Ardbeg Provenance 1974 Limited Edition

Ardbeg Provenance 1974 Limited Edition

$6,800 AUD

55.6% 70 cl

Ardbeg Provenance 1974 has a special resonance with Ardbegians since it was bottled in 1997 at 23 years of age to commemorate the rebirth of the Ardbeg distillery that year when Glenmorangie PLC acquired it.

Its WhiskyFun rating was an amazing 95. There were 5,000 bottles from the Bourbon casks used for maturation. This is bottle No 1331 complete with handsome wooden presentation box.  

Official Tasting Notes:

Nose: The nose is truly memorable. Simmering peat, almost oily in its composition with a rich bourbon character unaccustomedly weighed down under with heavy smoke. An intense malt with the peat and oak very much in evidence but balanced.

Taste: At the start the malt is soft but then the smokiness beings to intensify. Powerful cocoa which constitutes the centre stage of the whisky’s personality which is chewy and enormously deep and powerful. Bourbon is clearly in evidence.

Finish: The finish is long and complex, even by Ardbeg standard. The deep and rich start to the malt has now settled down a little declaring the oak and malt with just a hint of of fruity ripeness. At last the smoke comes through, perked up with a touch of pepper and gently followed by the bourbon oakiness which finally signs off.

Comments: Hold on to the palate for as long as you can and you will be in no doubt what makes Ardbeg so very special. It has a high quality aged-bourbon character which teams up with a delicate malt and powerful peak – a touch of class.
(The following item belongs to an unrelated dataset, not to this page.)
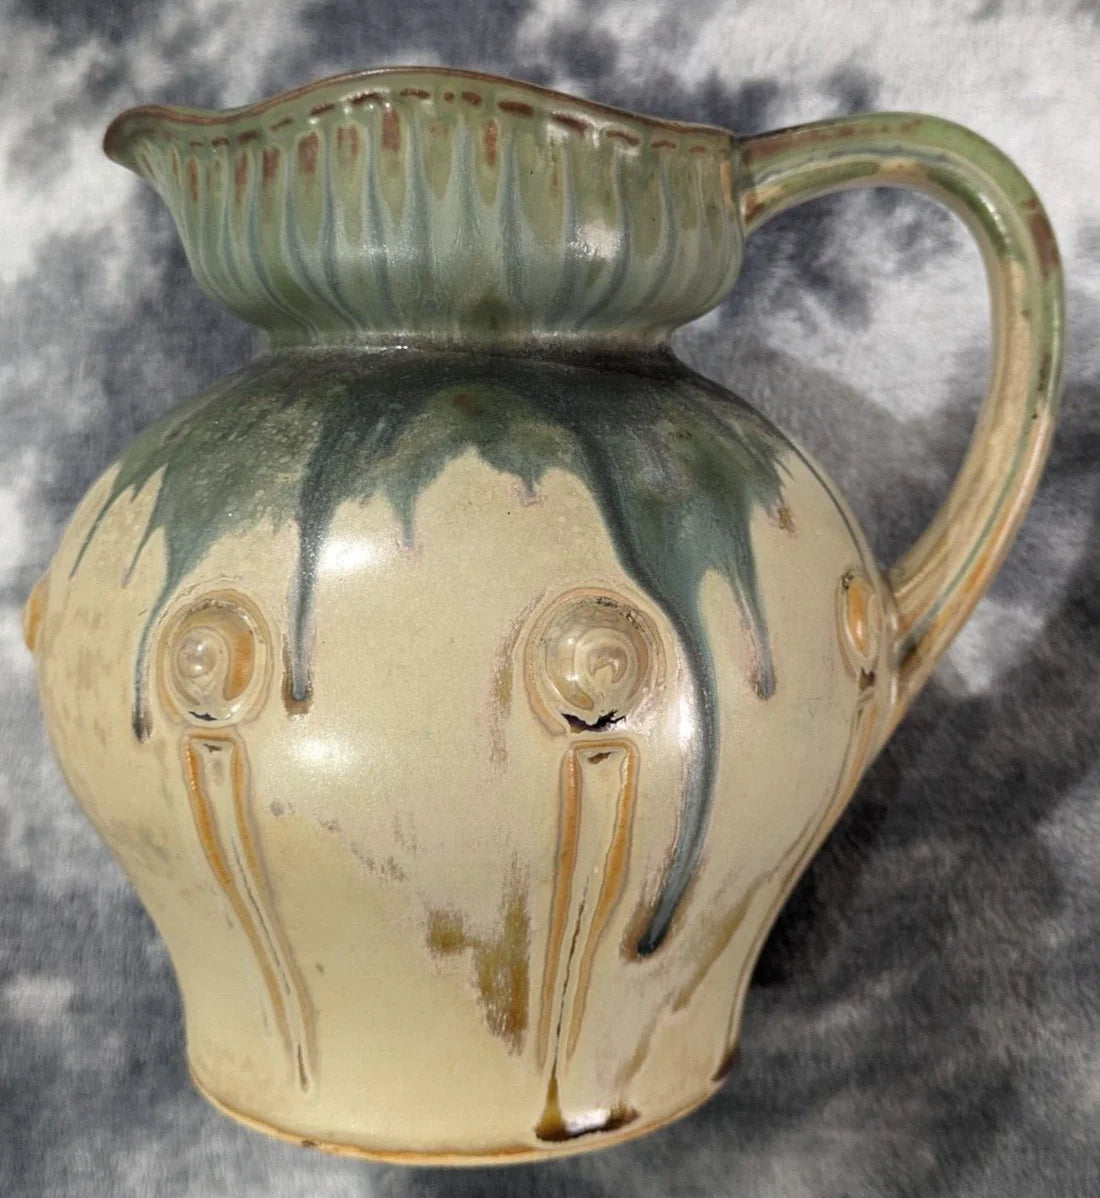 French Vintage Drip Glaze Denbac Arts & Crafts Pitcher Jug Ceramic Pottery

This product is located in the United Kingdom

Distillery

Ardbeg Distillery

The renaissance of Ardbeg is one of the most pleasing success stories of the Scotch whisky industry in recent times. Ardbeg had enjoyed a very buoyant existence in the 19th century, despite its relative remoteness, as noted by Alfred Barnard when he visited it in 1885. Ardbeg had been mothballed in 1981 and remained so until 1989 when it reopened but by then under the ownership of Allied Distillers. They closed it in 1996 and sold it the following year to Glenmorangie plc.  Things then started to happen with the opening of a visitors’ centre in 1998, some deft marketing (including the launch of the Ardbeg Committee in 2000) and the introduction of some imaginative NAS expressions under a captivating new label.

Ardbeg, like Glenmorangie, has continued to flourish under French ownership following the acquisition of both by LVMH in 2004.